Illumina - Chemistry X
At JPM Illumina presented “Chemistry X” which they suggested will result in 2x longer reads. Kevin, over at OmicsOmics has some interesting thoughts on this, and its utility.
Unlike Infinity, these are real actual longer reads, rather than synthetic ones.
2x longer reads would suggest 500 to 600bp single end reads (Miseq 300bp, Novaseq 250bp).
Before I speculate on Chemistry X, let’s review the issues that prevent Illumina’s current chemistry from extending beyond 300bp. There are two main issues here, phasing and bleaching.
Phasing
Phasing is better described elsewhere, but essentially is the tendency for strands to get out of sync. Either a strand fails to incorporate a nucleotide, or it incorporates multiple nucleotides. This results in a smeared signal where you see signal bleeding through to adjacent cycles. The Illumina primary data analysis pipeline contains corrections for phasing artifacts. However as phasing builds up the performance of these corrections goes down, limiting overall read length.
Better incorporation efficiency, and improved blocking efficiency would decrease phasing errors and help increase read length.
Bleaching
Here I’m using bleaching to refer to “loss of signal”. This can be through a number of mechanisms, but most commonly this would be due to photo-damage. This is where illumination causes damage, resulting in a loss of signal.
For example, photo-damage could occur in the strand under synthesis, resulting no further signal from that strand and an overall decrease in signal.

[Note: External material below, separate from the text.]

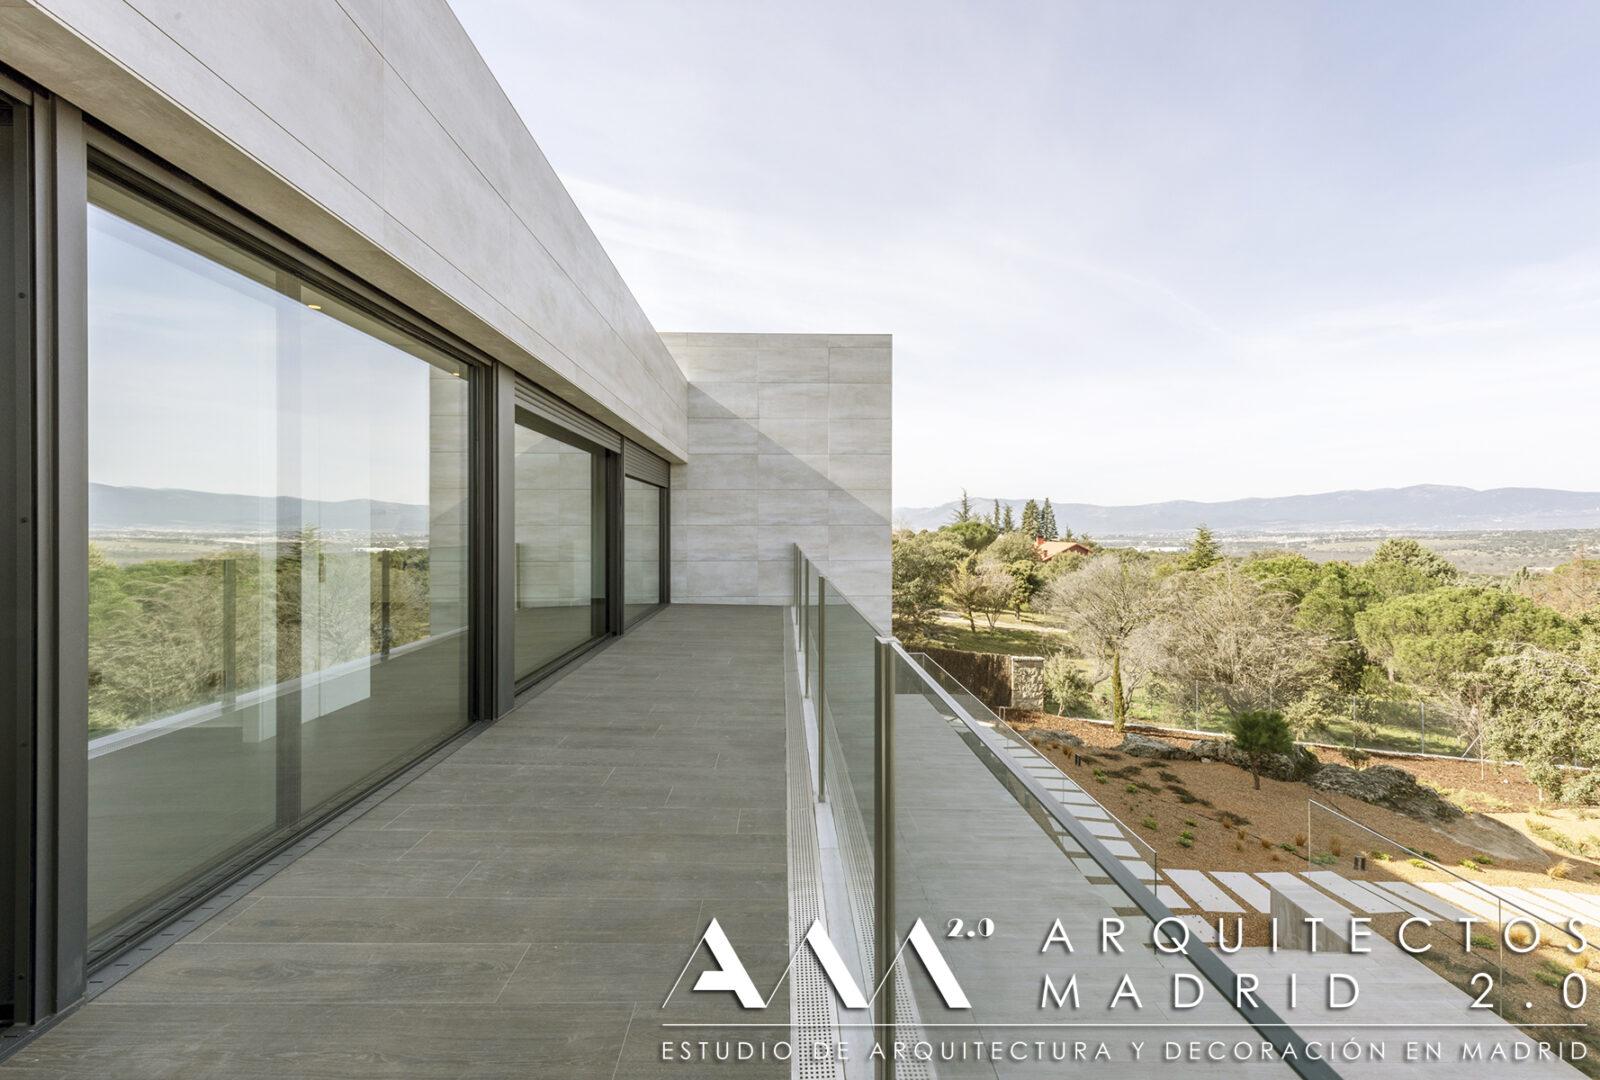 vivienda-unifamiliar-madrid-proyecto-construccion-diseno-arquitectura-interiorismo-03

Bleaching has a knock on effect on phasing corrections, as if you have less signal, you can’t estimate and correct for phasing as well.
If we look at the intensity (signal) drop across cycle on Illumina runs you’ll generally see a significant drop in intensity across cycle, for example in this plot from an older Miseq run:
Both phasing and bleaching get “reset” with the second read, but limit your single read, read length.
Chemistry X
Illumina said Chemistry X is composed of new nucleotides and a new polymerase. Illumina are always patenting new polymerases so I tend to discount this. However new nucleotides are interesting, particularly as the foundational Solexa nucleotide IP is expiring this year. New nucleotide IP would help give Illumina an edge over other players looking to build on this expired IP.
After this announcement a reader kindly pointed me toward this recent Illumina patent. This may, or may not, be related to Chemistry X. But it seems worth quickly reviewing some of the results shown.
The patent states that “the 3’-OH blocking groups described herein may also achieve low pre-phasing, lower signal decay for improved data quality, which enables longer reads”.
Looking at the graphs, the new (AOM) nucleotides in general show similar phasing and prephasing to those currently used:
However while phasing looks similar or worse, error rates (ER above) are reduced. How can this be? I suspect it’s down to the improved stability these nucleotides are showing. And a plot of intensity across cycle shows essentially “no signal decay”:
As mentioned above, with more signal we can better estimate and correct for phasing artifacts. So it could be that this improved stability helps enable longer read lengths.
But even with prefect stability, if these nucleotides don’t show improved phasing characteristics I suspect this will become the limiting factor.
A hand wavy way of thinking about this might be as follows. Currently we have 50% signal drop, and ~50% of molecules “out of phase” at the end of a read. With the new chemistry we have no signal drop, but the same phasing issues. We can therefore deal with roughly twice as much phasing before our corrections break down. Roughly doubling read length.
This kind of makes sense to me. But certainly suggests that to push beyond 600bp (while maintaining data quality) Illumina will need to further address phasing issues.